EXERCISE OBJECTIVE >> Copy the data below exactly, omitting any picture it contains.

GIVEN MATERIAL >>
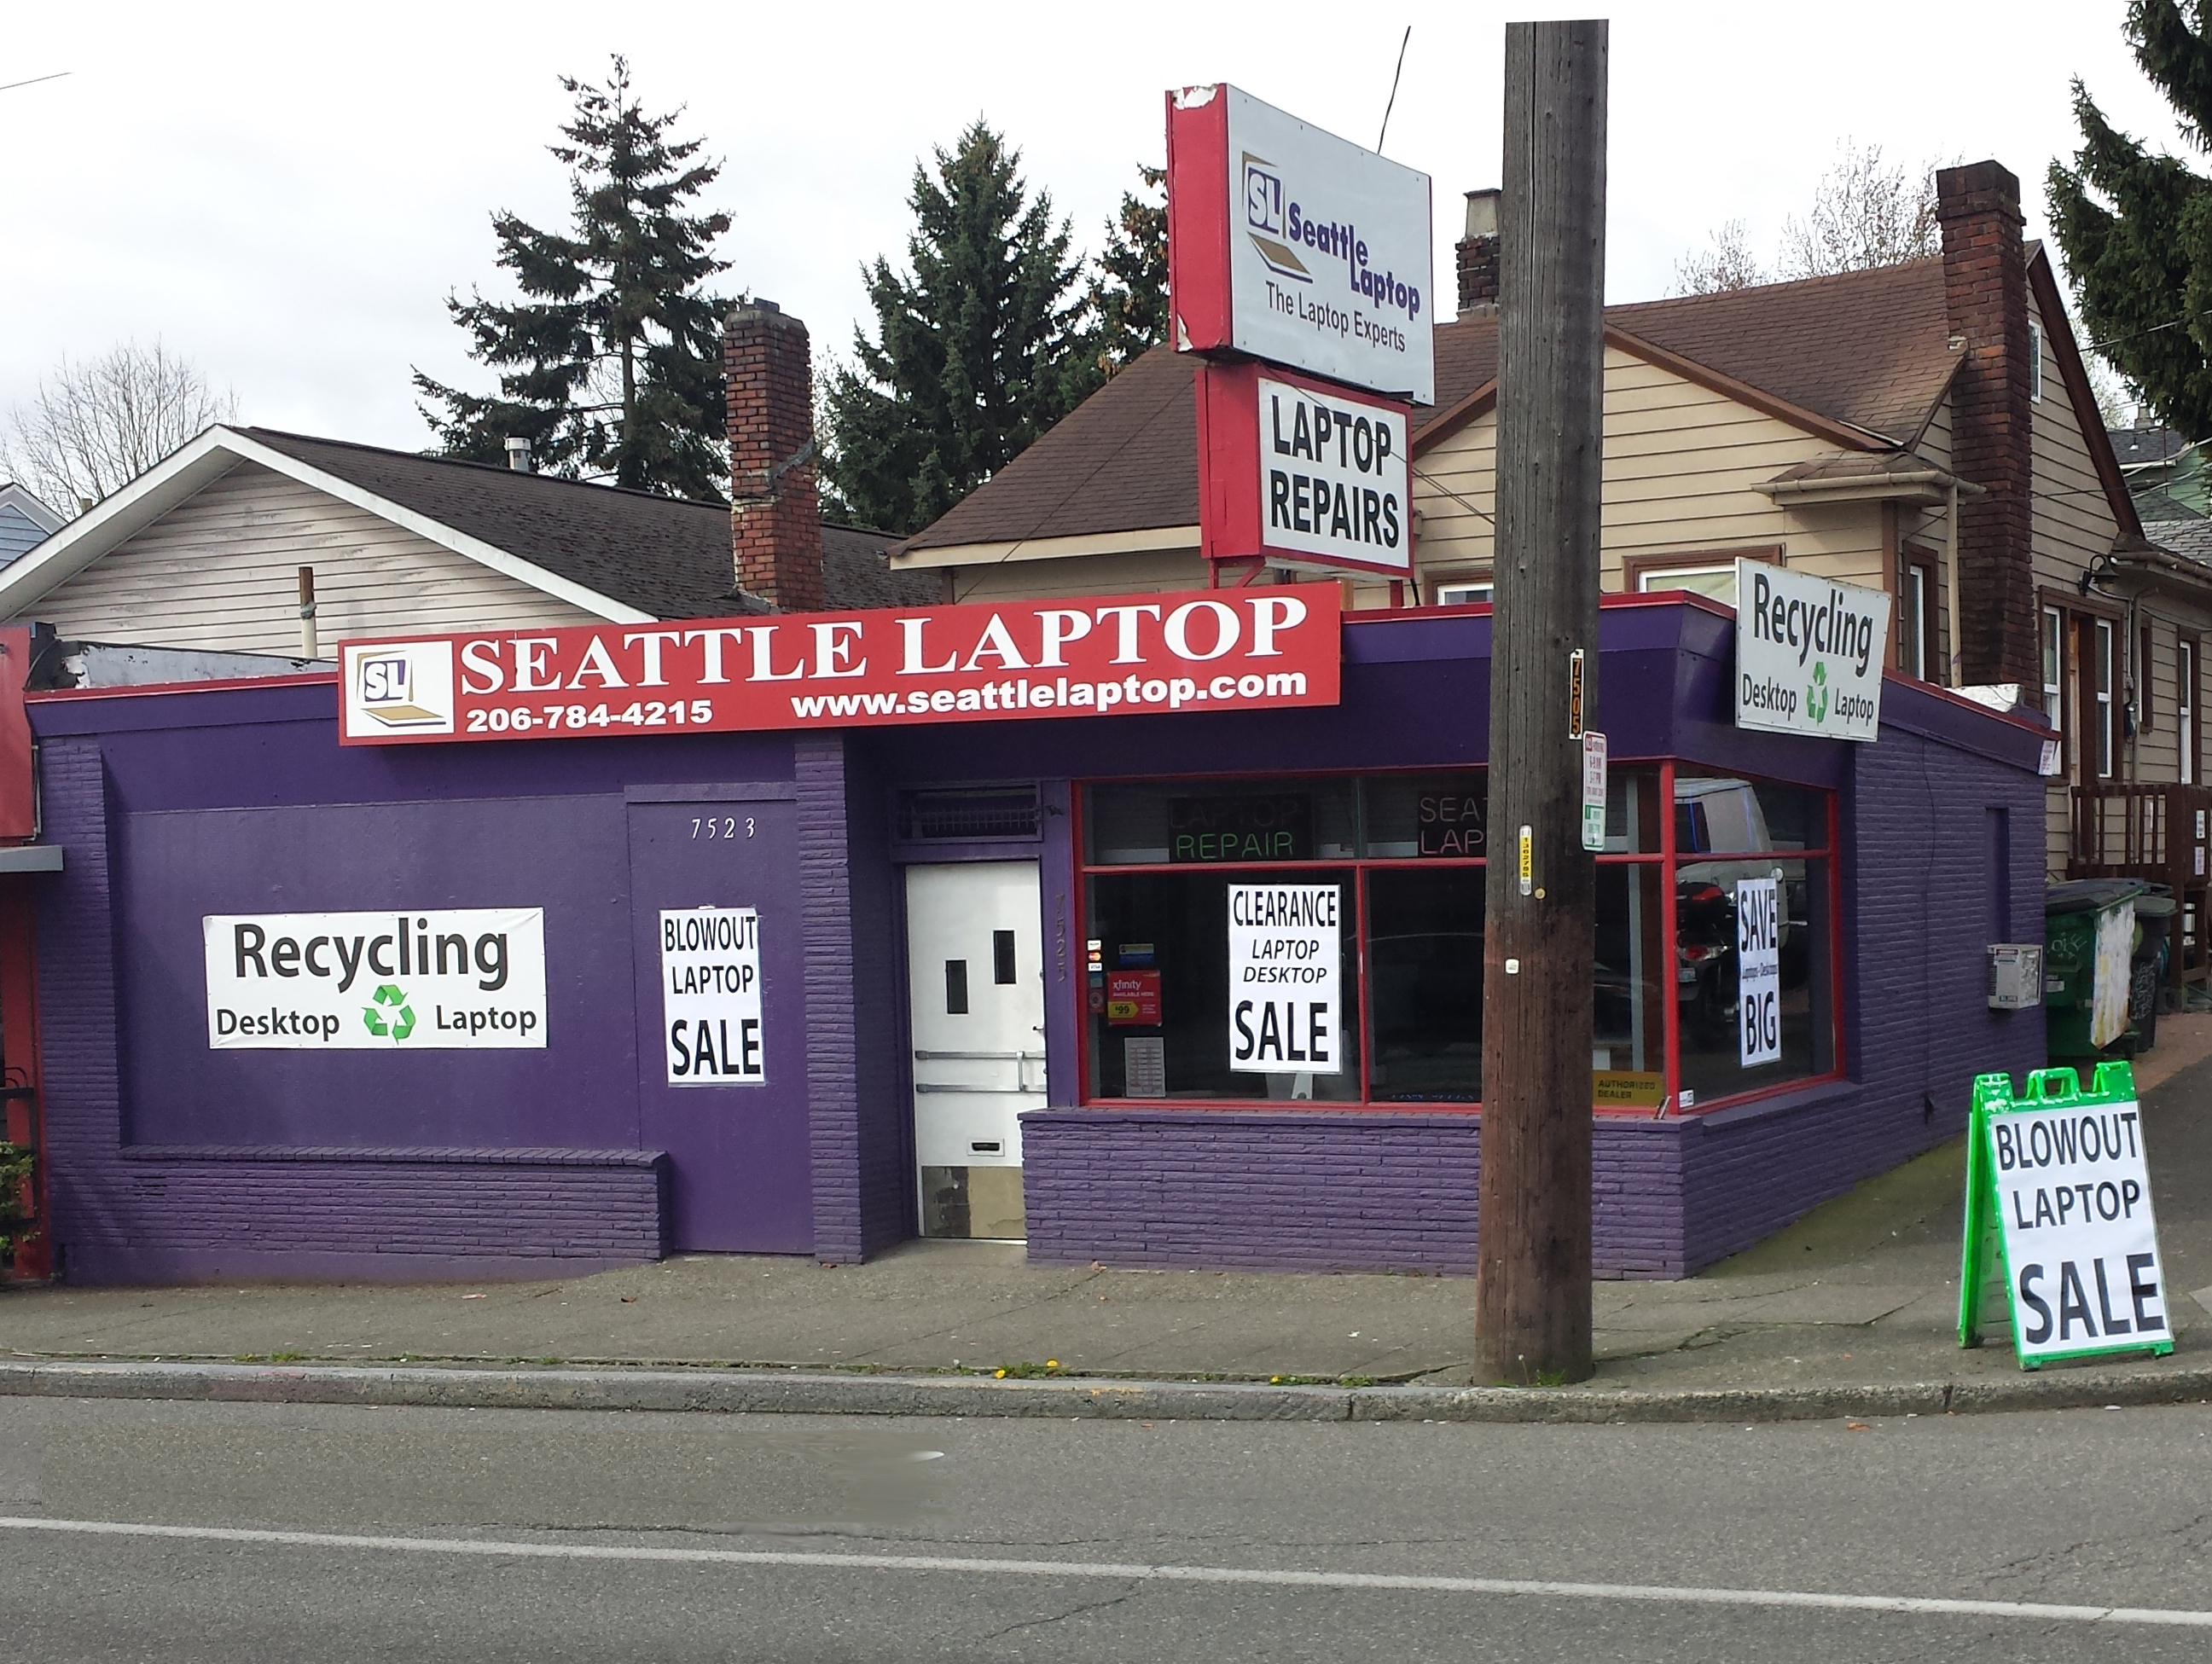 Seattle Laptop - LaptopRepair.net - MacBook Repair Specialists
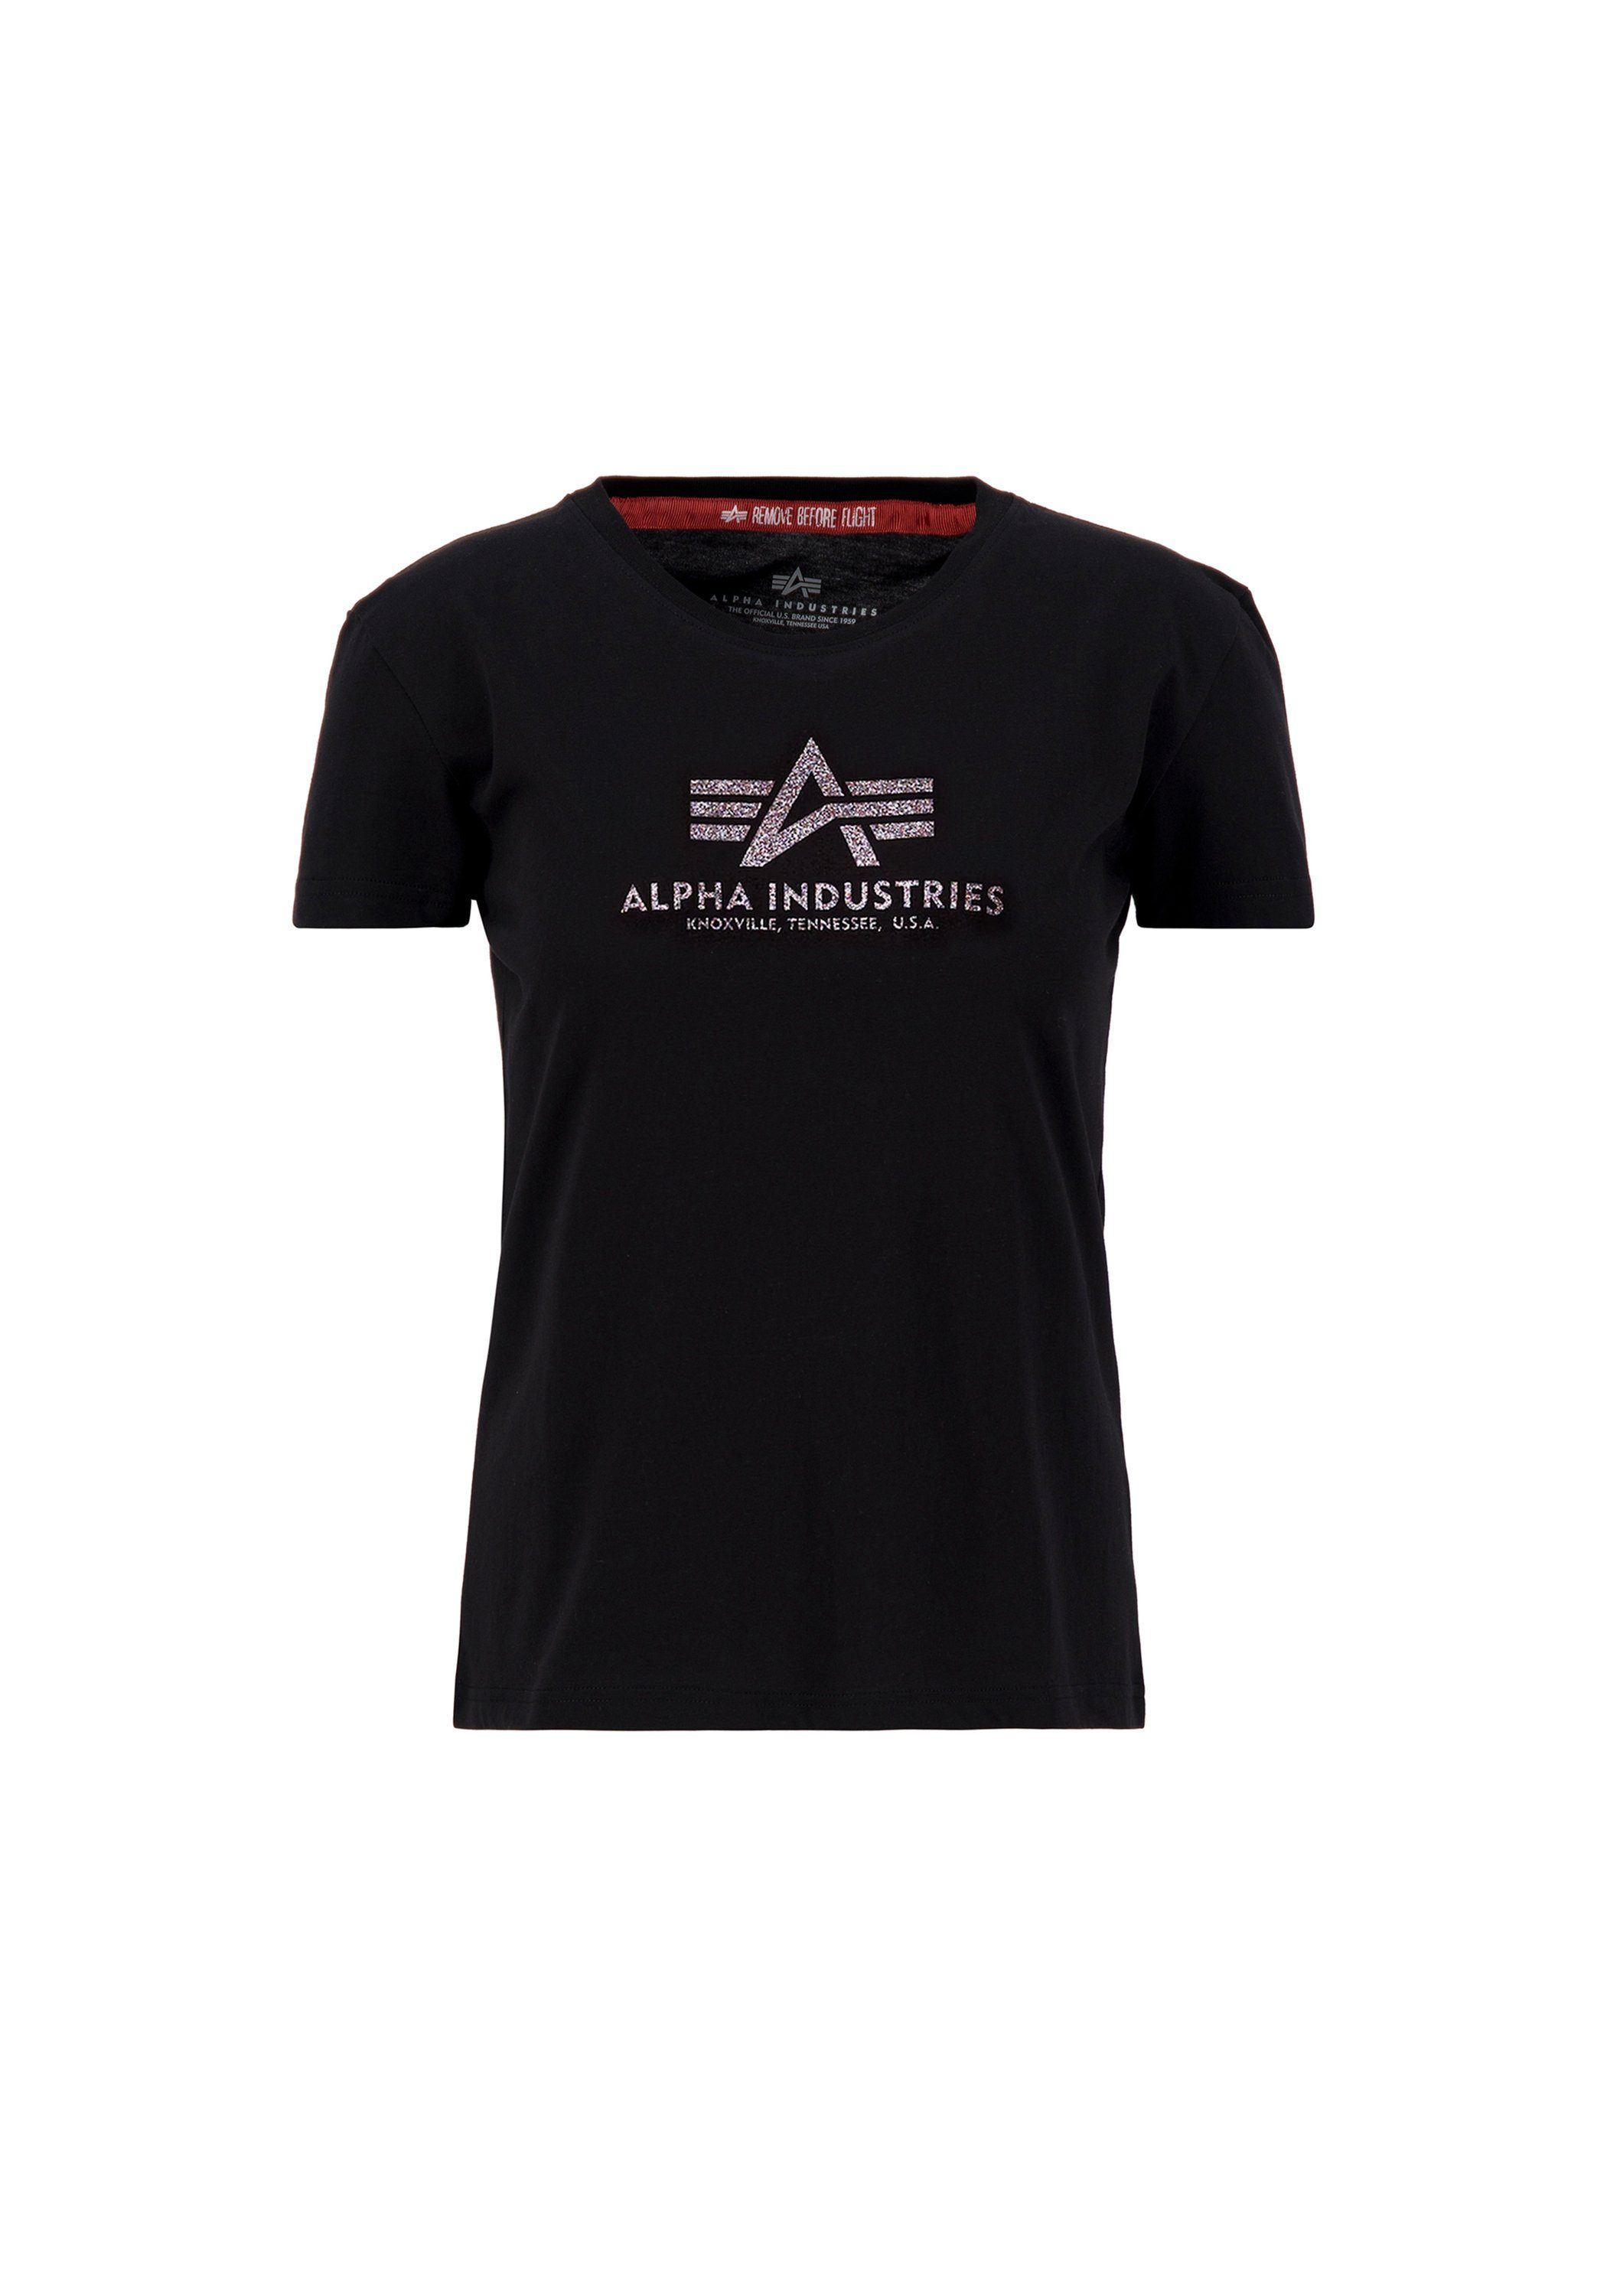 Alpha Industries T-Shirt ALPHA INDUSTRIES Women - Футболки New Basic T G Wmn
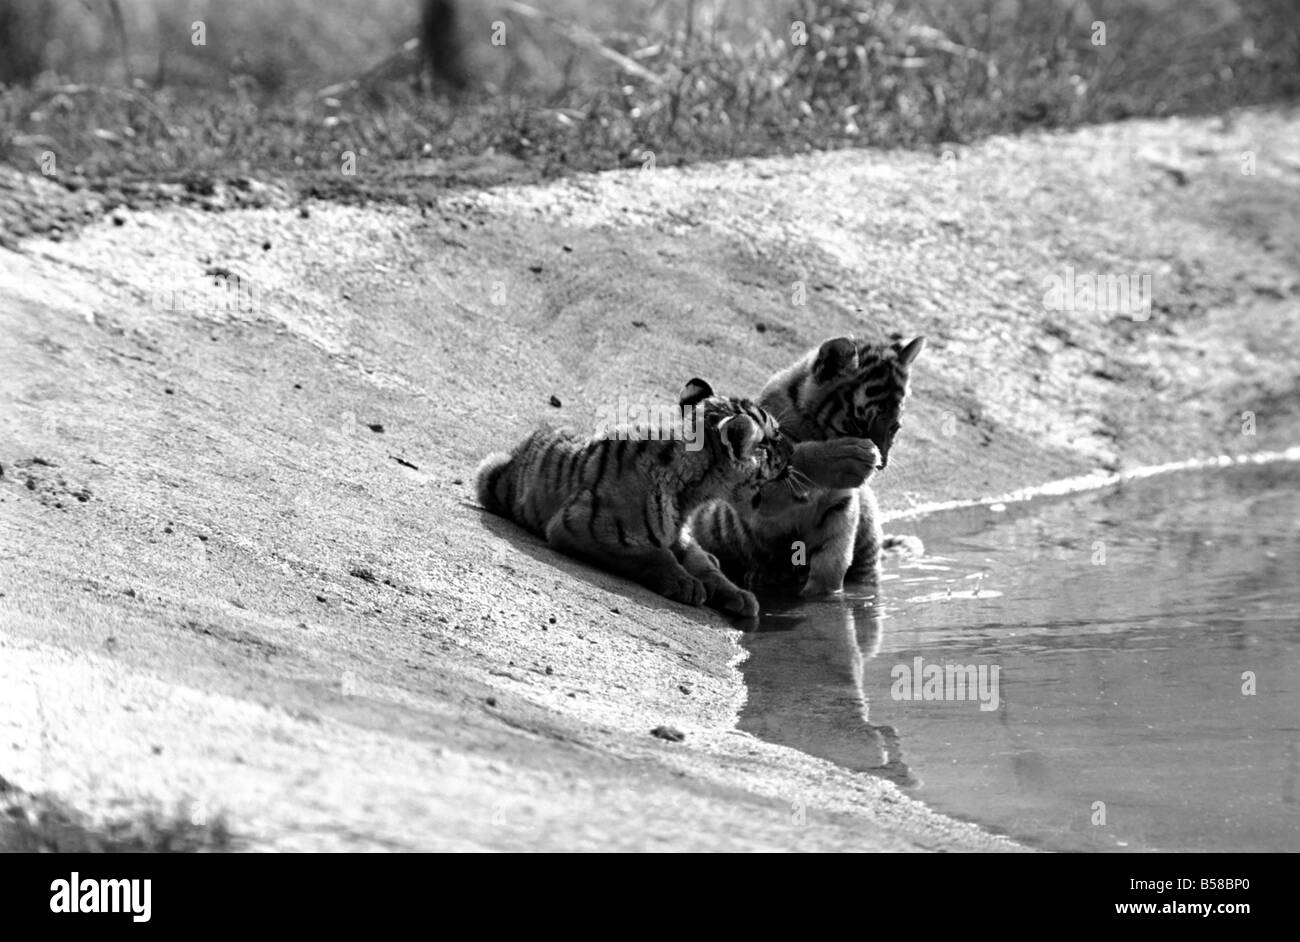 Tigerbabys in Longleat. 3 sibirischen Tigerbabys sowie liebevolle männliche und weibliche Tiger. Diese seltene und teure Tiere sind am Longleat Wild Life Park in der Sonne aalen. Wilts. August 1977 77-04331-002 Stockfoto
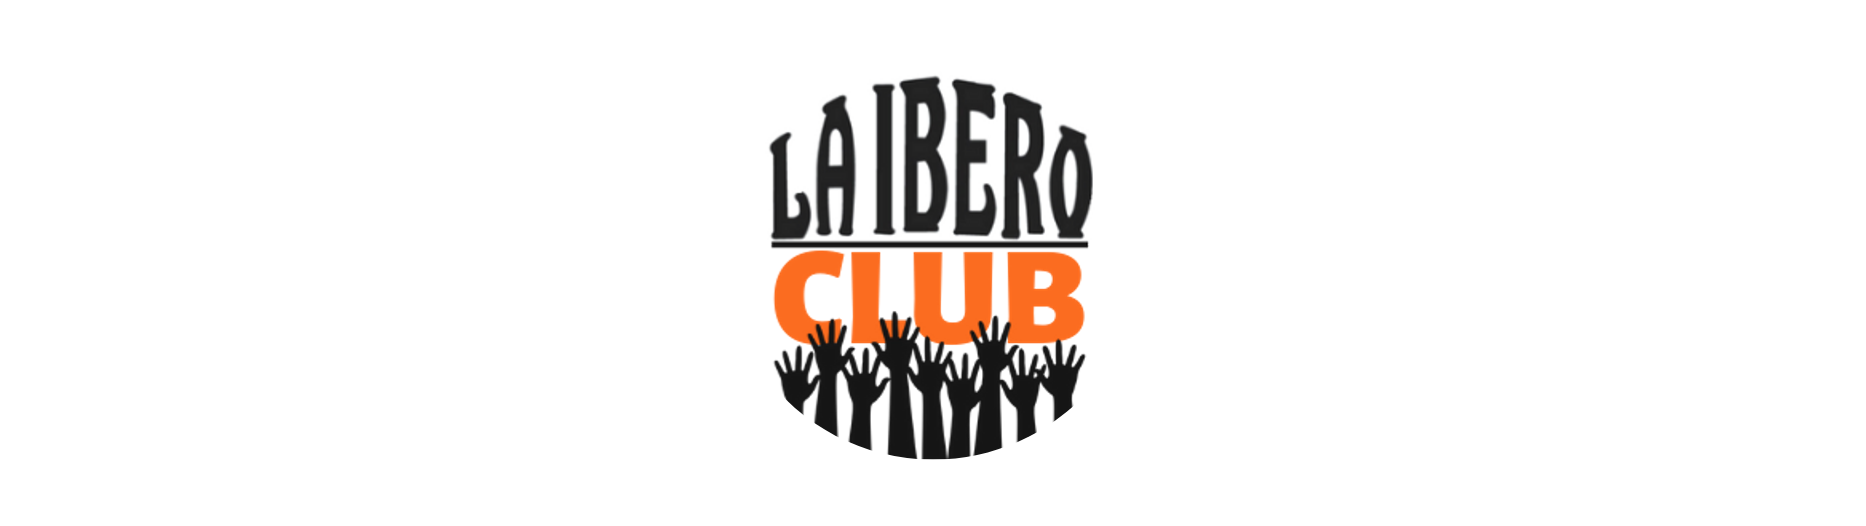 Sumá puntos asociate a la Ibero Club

TASK RESULT >>
 Seattle Laptop - LaptopRepair.net - MacBook Repair Specialists
 Alpha Industries T-Shirt ALPHA INDUSTRIES Women - Футболки New Basic T G Wmn
 Tigerbabys in Longleat. 3 sibirischen Tigerbabys sowie liebevolle männliche und weibliche Tiger. Diese seltene und teure Tiere sind am Longleat Wild Life Park in der Sonne aalen. Wilts. August 1977 77-04331-002 Stockfoto
 Sumá puntos asociate a la Ibero Club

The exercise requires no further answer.